A Q&A with Jo Webster; The Umbel
From London commercial property lawyer to fermenter, medical herbalist and nutritionist – why? Jo Webster, with whom we are delighted to have collaborated to produce our latest ferment, Jerusalem Artichoke & Horseradish, tells the story of her change in career direction.
From lawyer to fermenter, medical herbalist and nutritionist – why?
As a London commercial property lawyer, my connection to the land and the natural world was tenuous. The work was intellectually stimulating, but the long hours ensured time in nature was rare. And I love nature with a passion. The eye-opening experiences of my mother dying of a brain tumour and my first child developing an autoimmune illness aged 5 forced me as one sort of professional to engage with medical professionals. I realised, quite quickly, that just as my thinking as a lawyer was subjective and flawed, so, too, was the thinking of medical professionals. This is not to say that they weren’t excellent, but excellent does not mean infallible. What I learnt caused me to consciously take back responsibility for the health decisions affecting my growing family. After all, it is us that has to live with these decisions isn’t it? As a result, I fell down a rabbit hole of research and study on health, nutrition and medicinal herbs, leading to various qualifications and a Guinness World Record for fermenting the largest dish of sauerkraut.

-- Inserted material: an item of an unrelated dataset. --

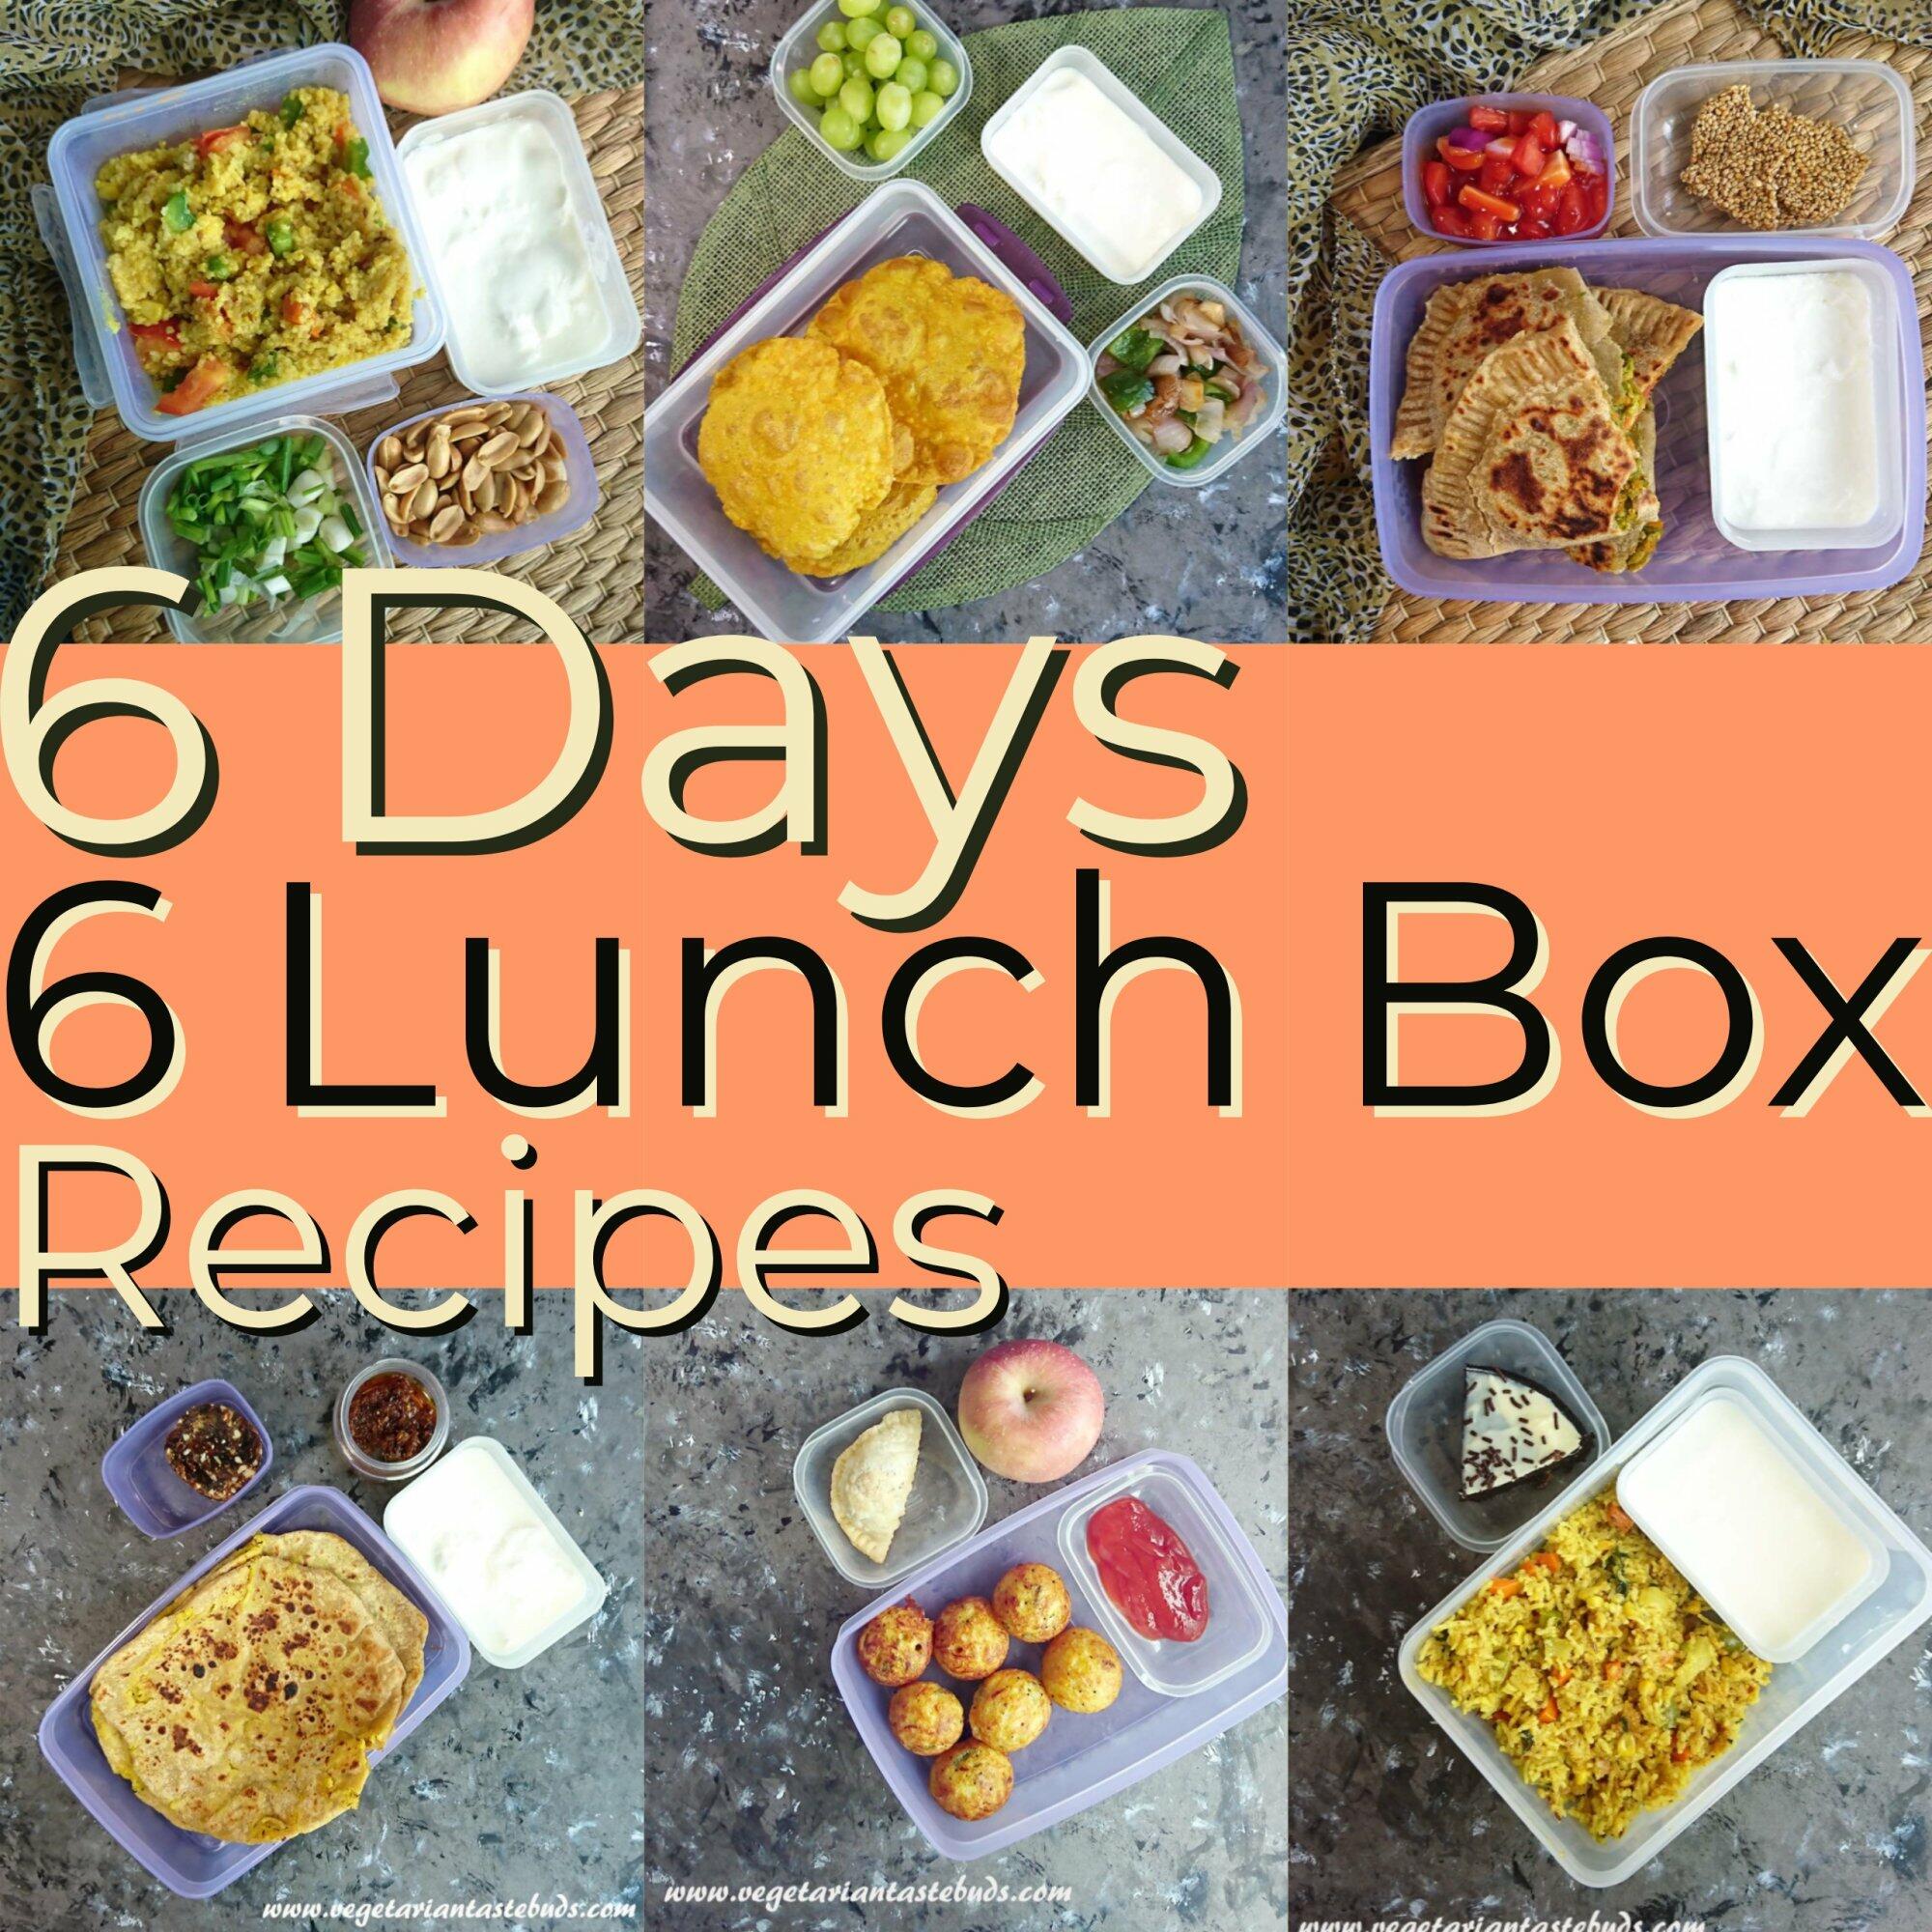 Pin on lunch box ideas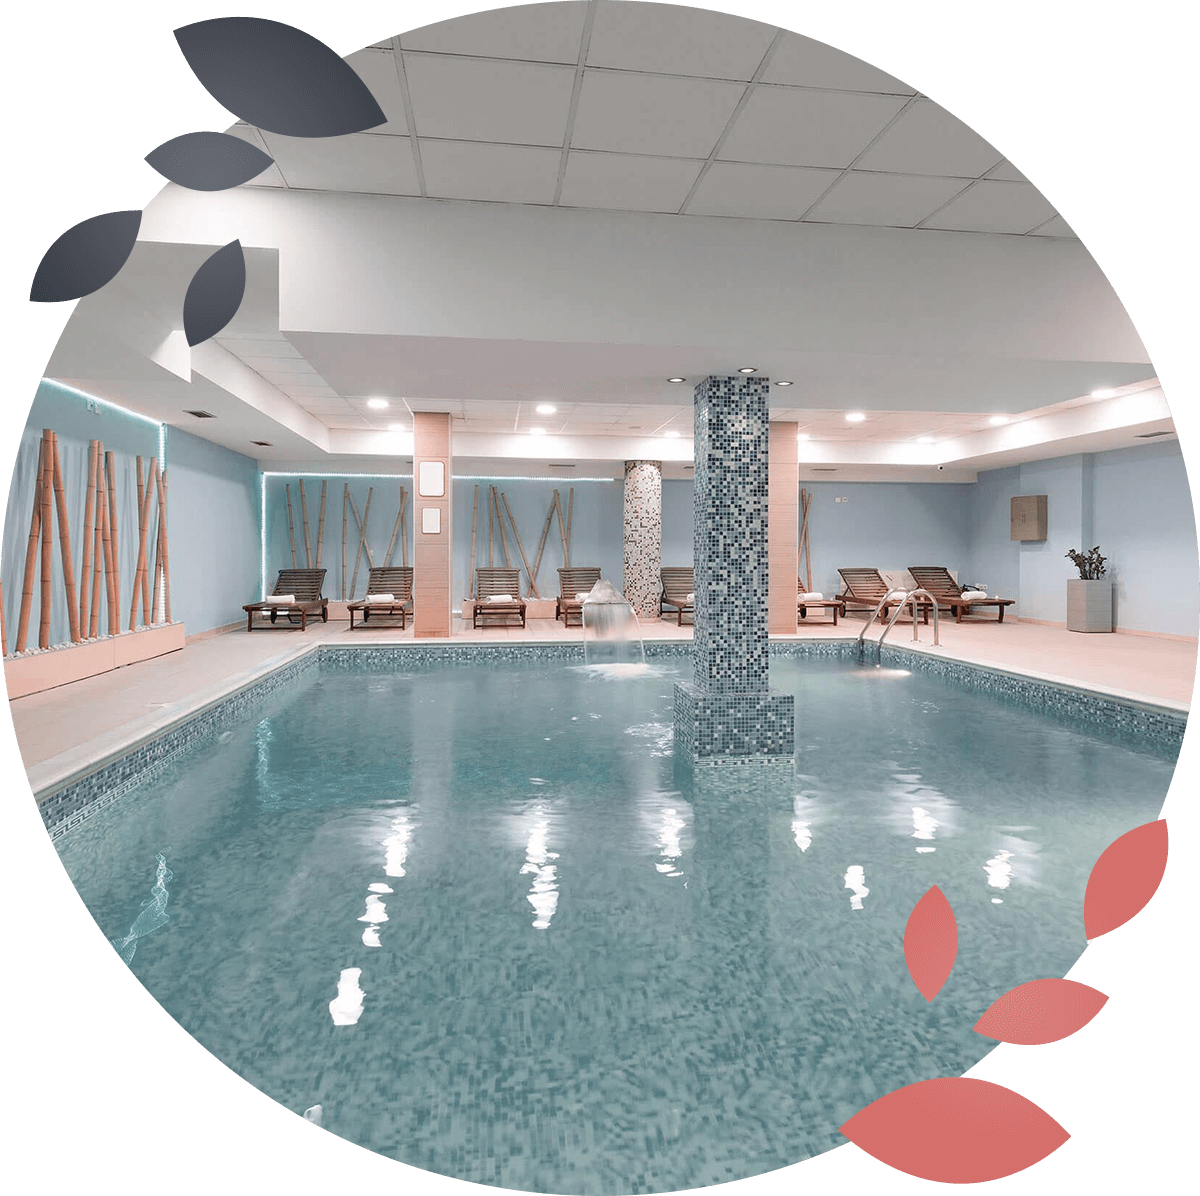 https://edenpart.fr/wp-content/uploads/2019/02/spa-pool-circle.png

A Guinness World Record for a dish of sauerkraut?
Yes! At some point early on in my avid reading, I came across the book Gut by Giulia Enders. It is a fabulously informative, yet accessible book about how our gut works and the role of microbes in gut function and health. In one deft move, my understanding of microbes completed the circle between my devotion to the natural world and my keen interest in human health and nutrition. Gut microbes naturally segued into fermenting, which led to me and my colleague, Katie Venner, running a huge educational event on fermenting and gut health at Wells Food Festival in 2018. We had various speakers attend, including Tim Spector, the fermenters, Naomi Devlin and Dearbhla Reynolds and scientists from University College Cork (an important scientific centre for research on gut microbiota and fermented foods). We taught over 150 people to ferment and in so doing, also set a Guinness World Record!
What three things do you love most about fermenting and fermented foods?
Firstly, fermented foods taste amazing. They are delicious, complex, unique and surprising. Our palates are designed to taste and detect a range of flavours and the digestive hormone and enzyme cascades that result can vary depending on those tastes. The thing I love most about ferments is how good they taste.
Secondly, I love that this process is ancient and complex and straightforward all at the same time. There are just a few rules to adhere to in order to make your own ferments, but once you understand those, you can ferment what you want, when you want, with the seasonings you want and leave it for as long as you want. It honestly feels to me like a super power - a super power available to ALL of us.
Thirdly, not only are we finding out through scientific enquiry just how many health benefits these complex foods might have, but incorporating some fermenting practice into our lives (even if this is simply consuming bought products) will increase our understanding of and respect for microbes. This is important, since we are dependent on them for our survival as a species.
Give us your no. 1 reason why someone might want to try these foods for the first time?
Because they taste incredible. Because you will never, ever tire of the extent to which different foods can be utterly transformed by microbial action.
What is your current favourite ferment
For a long time, it was Dearbhla Reynolds’ tomato salsa. Then for a while, it was “mouldy steak” (this requires another blog piece to explain!), but I admit that my Jerusalem artichoke and horseradish recipe is my current obsession. At the rate we are consuming it, it is not going to last through to the next Jerusalem artichoke harvest in Autumn 2022. The microbes do something special to all of the ingredients, particularly the horseradish. And as it continues to age, the taste continues to shift. This breaks all the rules of modern food, which we expect to taste precisely the same every time we eat it. I love that about ferments.
Your biggest fermenting accident?
One of the most liberating things about fermenting is that failures are very much part of the learning experience. The process is live. It is run by living microbes and that means results can be unexpected. No two batches are precisely the same; the weather, the temperature and other (sometimes frustratingly nebulous factors) influence this living process and therefore the outcomes. I very much appreciate this aspect of fermentation. My biggest error so far though, has been failing to “burp” water kefir stored in glass bottles. Carbon dioxide builds up as a part of the fermenting process and this can put vessels under huge pressure. I woke in the middle of the night some years ago, thinking someone had thrown a grenade into the house. I went downstairs to find the tiny shards of two bottles of kefir and all the red berry water kefir they had previously contained, decorated throughout my kitchen (including the ceiling). I was immensely glad this hadn’t happened whilst we were in the room.
Which of your fermenting practices gives you most pleasure?
Oh it ALL does in different ways; from vegetable ferments to kefir and kombucha, from herb vinegars and oxymels to koji and miso. But in terms of thrills, I still get the biggest rush of joy when I open the oven and see a beautifully raised loaf of sourdough sitting there demanding to be eaten.